If it’s difficult for automakers to detect when one of their cars has been compromised, it’s just as difficult for a car to detect whether the back-end server it’s accustomed to connecting to has been breached. Should malicious actors infiltrate the back end, they could potentially infect an entire fleet rather than a single car.
In a worst-case scenario, a hacker could gain control of multiple vehicles and create a cascading series of crashes, a sequence that grows more plausible with the rise of self-driving vehicles operated in ride-sharing fleets. In more everyday breaches, a hacker could gain access to the payment records of a customer stored on back-end servers or, perhaps more troubling, launch a cyberattack that would send ransomware to thousands of automobiles and turn them into vehicular bricks until automakers or car owners pay for their release.
Ransomware attacks have already crippled hospitals around the United States, and more recently, the city of Atlanta spent $2.6 million on emergency efforts to respond to an attack that sought $50,000 in payment.

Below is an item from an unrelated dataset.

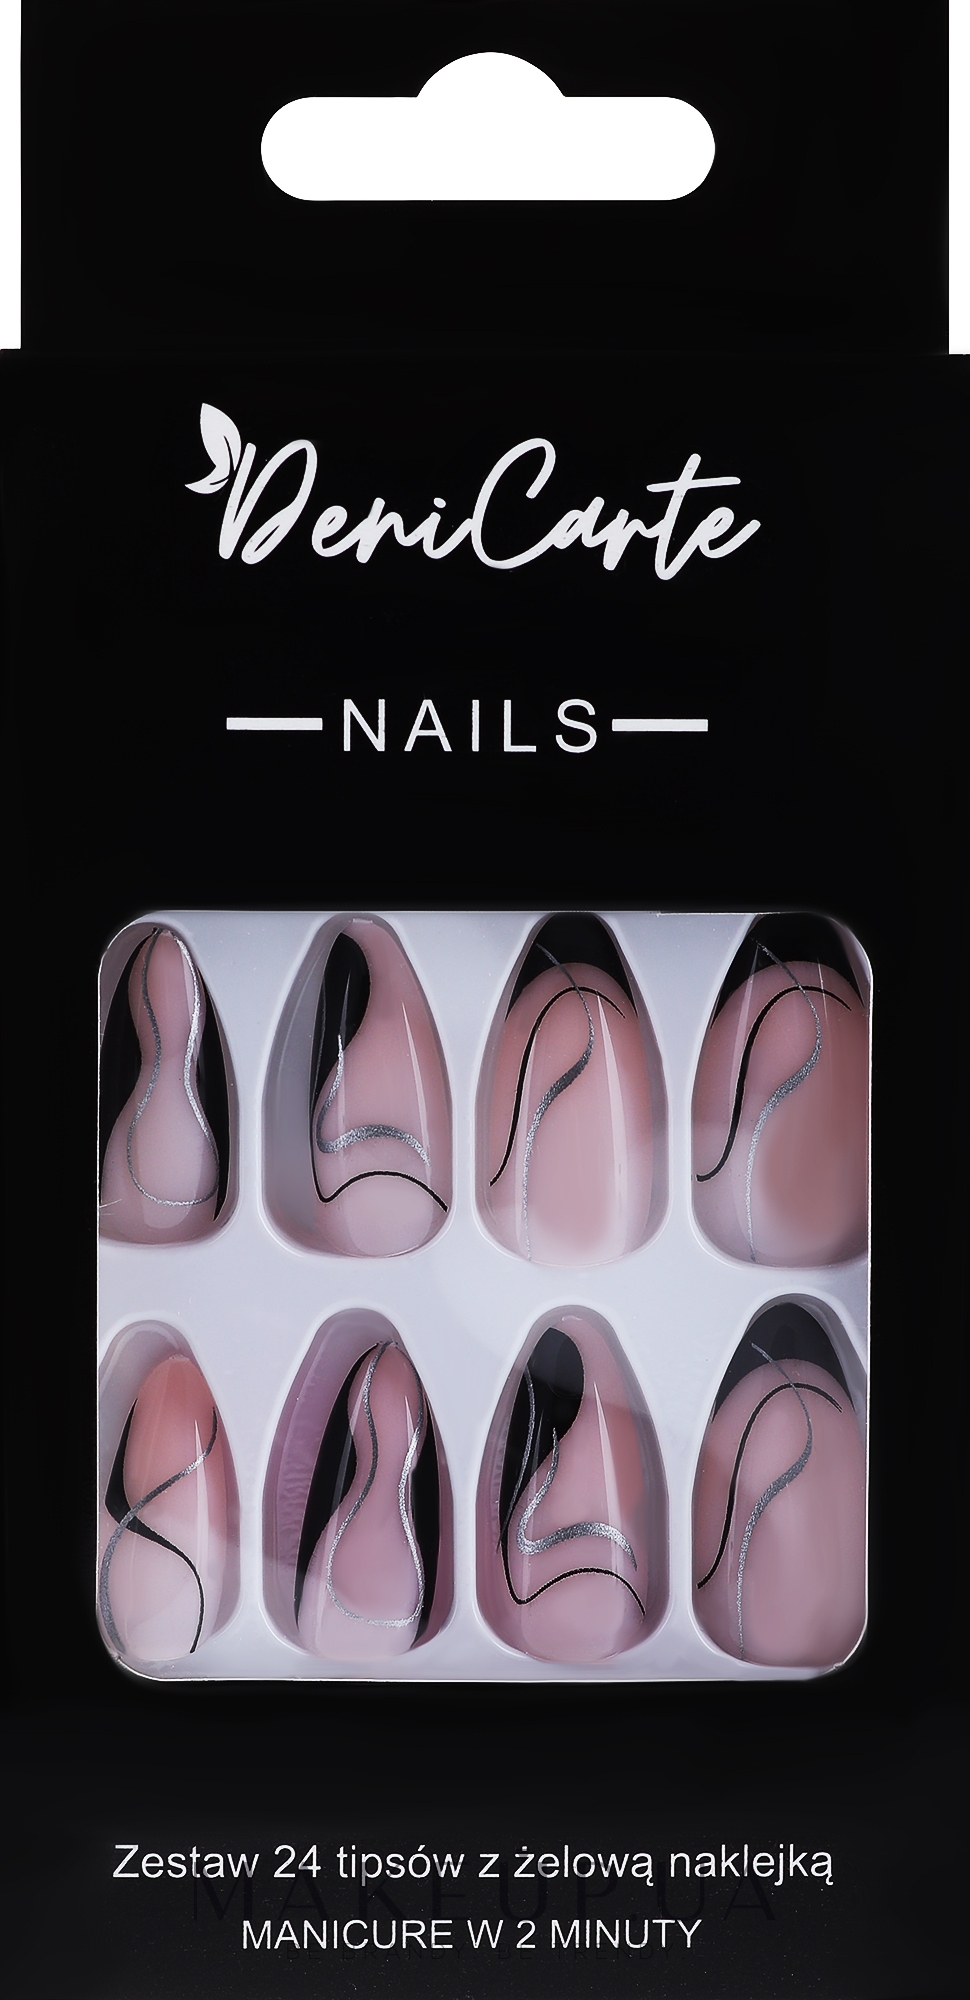 Накладные ногти с мотивом из нитей черного и серебристого цвета, 24 шт. - Deni Carte Nails Natural 2 Minutes Manicure  — фото 24шт

With the potential for lucrative hacks, many fear that the automotive realm is the next logical target.
“And as a hacker, they’ll discover that they don’t want to use it on one car. Why apply it to one car? So ransomware will grow,” Sahar said. “So what we want to do is essentially extend the perimeter and have a bird’sA-eye view of an entire service. Not just the car, but how the connectivity and applications around it are all behaving. The solution is to go up and create a data platform that sits in the automotive cloud.”
It’s an unconventional approach that stands out at a time when any security is in short supply.